We have just passed May 12, 2019. As a nation, we celebrated Mother’s Day. Some of us also recognized the day as Florence Nightingale’s birthday. While remembering all of the sacrifices my mother has made in her life for our family as a whole and the specific sacrifices she has made for my brother and me individually, I cannot help but be more grateful than I can say. I know full well that I would not be here to honor her without her self-giving love throughout my life.
The coincidence of Mother’s Day with Nightingale’s birthday, which also marks the end of National Nurses Week, is fitting in many ways. Mothers are our first and most intimate caregivers. In healthy mother-child relationships, mothers attend to whole-person care of the young. However, women are also often more likely to commit to providing care for aging parents, reversing the roles of the mother-child relationship.
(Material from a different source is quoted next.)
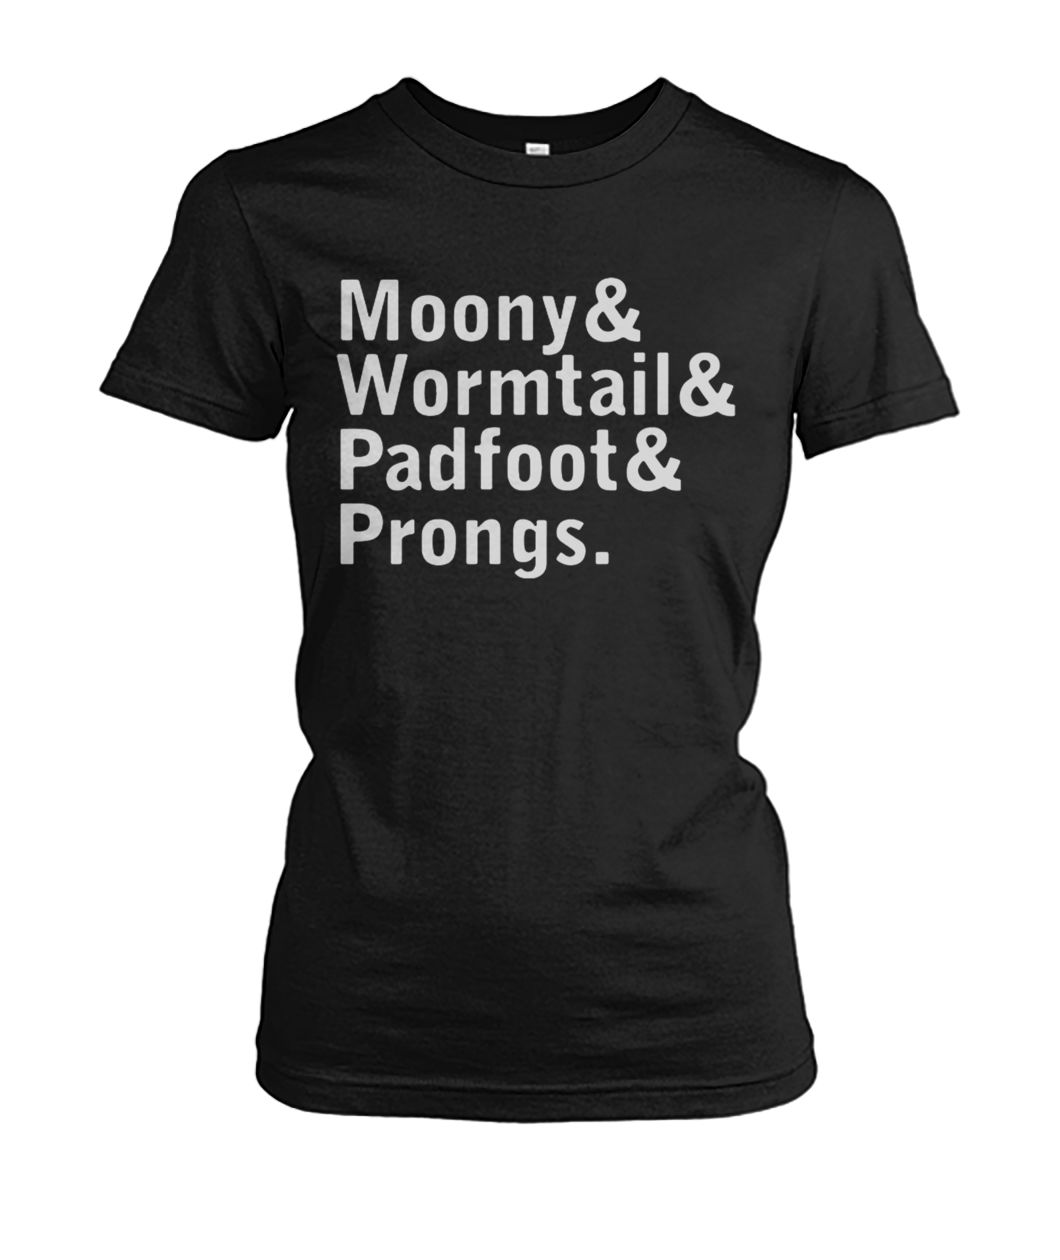 Stranger things moony wormtail padfoot prongs women's crew tee

Along the way, they are often called upon to extend care to those outside their families in their network of relationships.
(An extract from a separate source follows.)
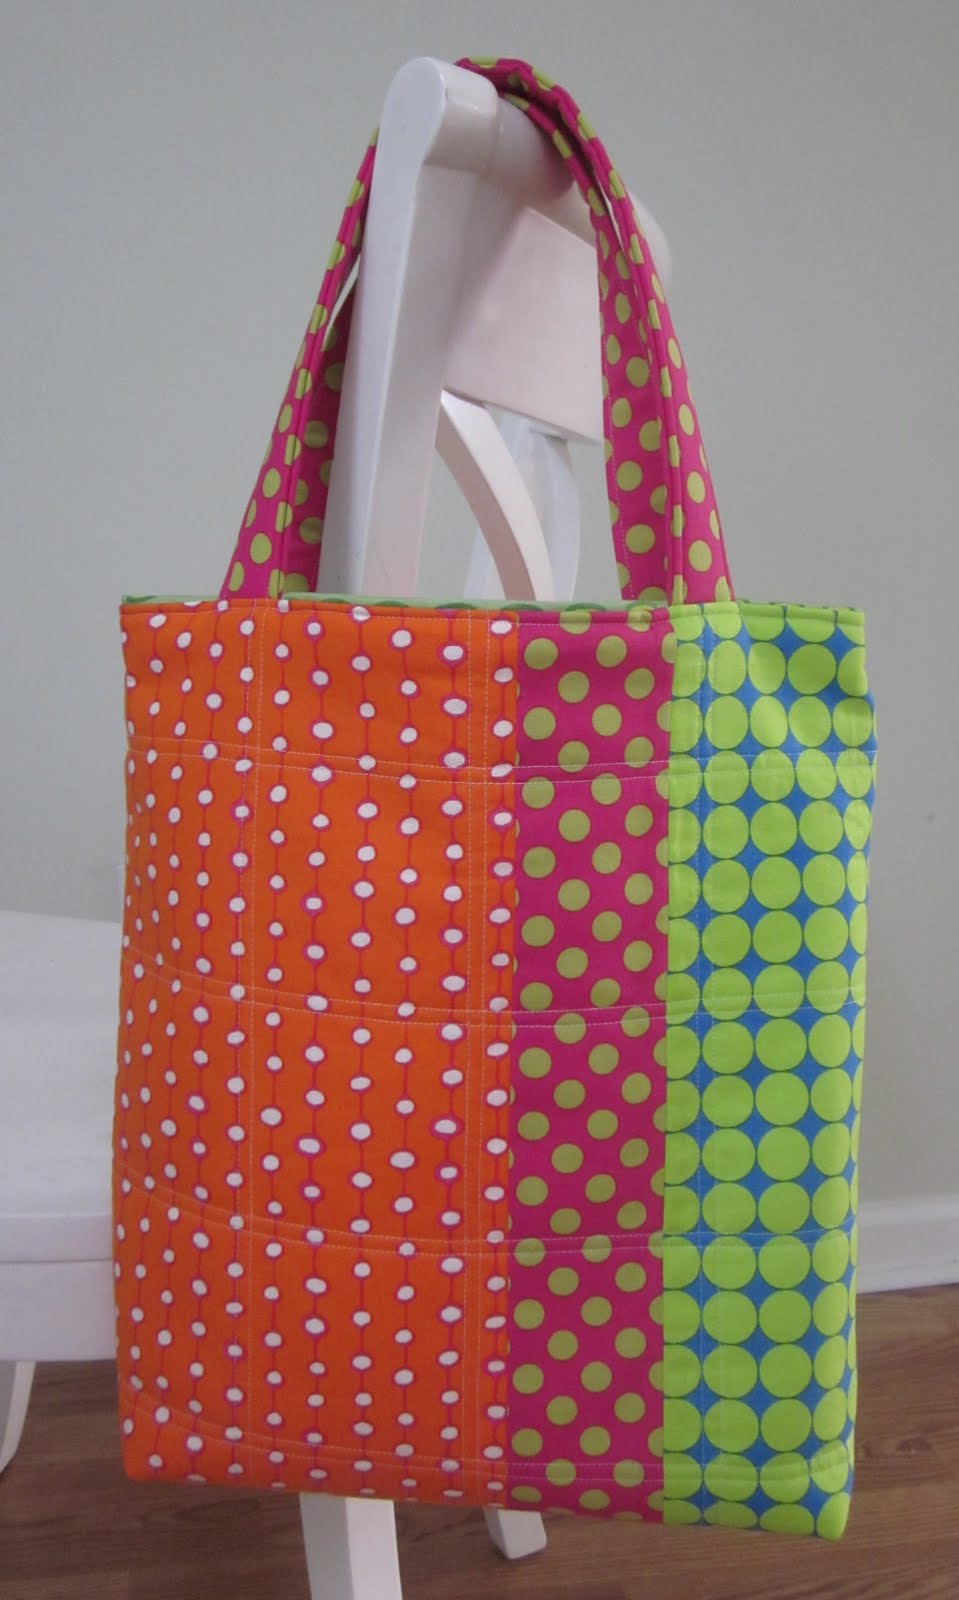 s.o.t.a.k handmade: Picnic blanket and a tote

Nightingale echoed this lifelong series of caregiver roles through statements in her Notes on Nursing to the effect that, at some time in the life of every woman, she is given charge over the care of the sick. By many accounts, Nightingale seems to have believed that women are better suited than men to the work of nursing. Whether this is true or not is debatable, of course. However, given the predominance of women in the profession of nursing, on a day when both mothers and nurses are honored, we are clearly justified in honoring the women in our lives who serve in either or both capacities.
So thank you mothers, and thank you nurses, for all of the ways you have enriched our lives and helped us to flourish. We quite literally cannot do without you.